Evaluating Generative Models

Generative model evaluation is harder than discriminative model evaluation. There's no single accuracy number. We use a small constellation of metrics, each measuring something slightly different. Using only one is a mistake you'll see in weak papers — use all of them together.

Inception Score (IS)

Feed your generated images through a pretrained Inception network (the same Inception CNN from Computer Vision). For each image, the network outputs a probability distribution over classes. The Inception Score measures two things:

Conditional distribution p(y|x): for any individual generated image, the classifier should be confident about which class it depicts. A clear cat photo gets a peaked distribution. High confidence = low entropy in p(y|x).
Marginal distribution p(y): averaged over all your generated images, the classifier should see a variety of classes. Diverse outputs = high entropy in p(y).
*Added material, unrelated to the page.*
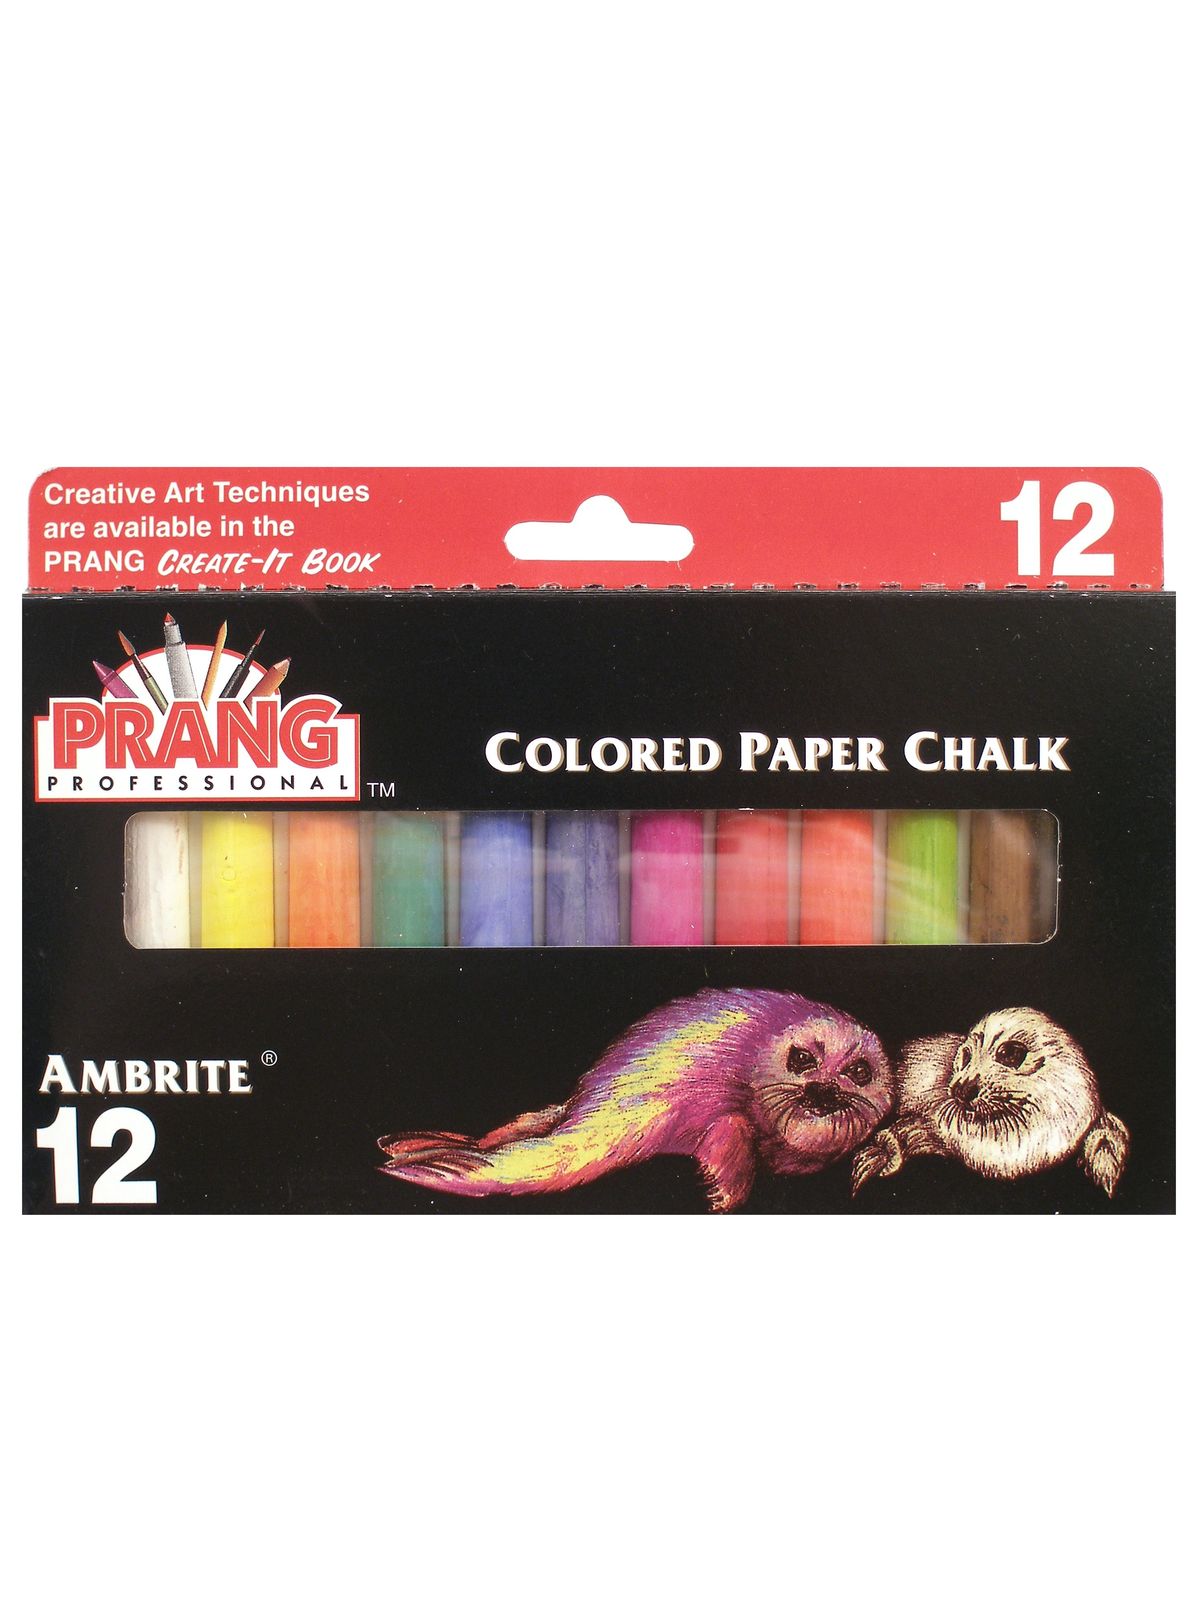 Ambrite Colored Paper Chalk Box Of 12

IS = exp(E[ $\text{KL}(p(y|x) \| p(y))$ ]). Higher IS = better.

Known limitation: IS is calculated only from generated images, never comparing them to real images. A generator that produces 1000 different cleanly-classifiable classes will score well even if those images look nothing like the real training distribution.

How Inception Score (IS) is calculated

Each image gets its own probability distribution from Inception

Feed each generated image into Inception. For every image individually, the network outputs a confidence score for each class — this is p(y | x), read as "the probability of class y, given this specific image x." Click any image to see its distribution.

p(y | x) for image 1 — "given this image, what class is it?"

🐱

90%

🐶

🚗

🐦

🐟

Inception is confident about this image — one class dominates. This is good for IS.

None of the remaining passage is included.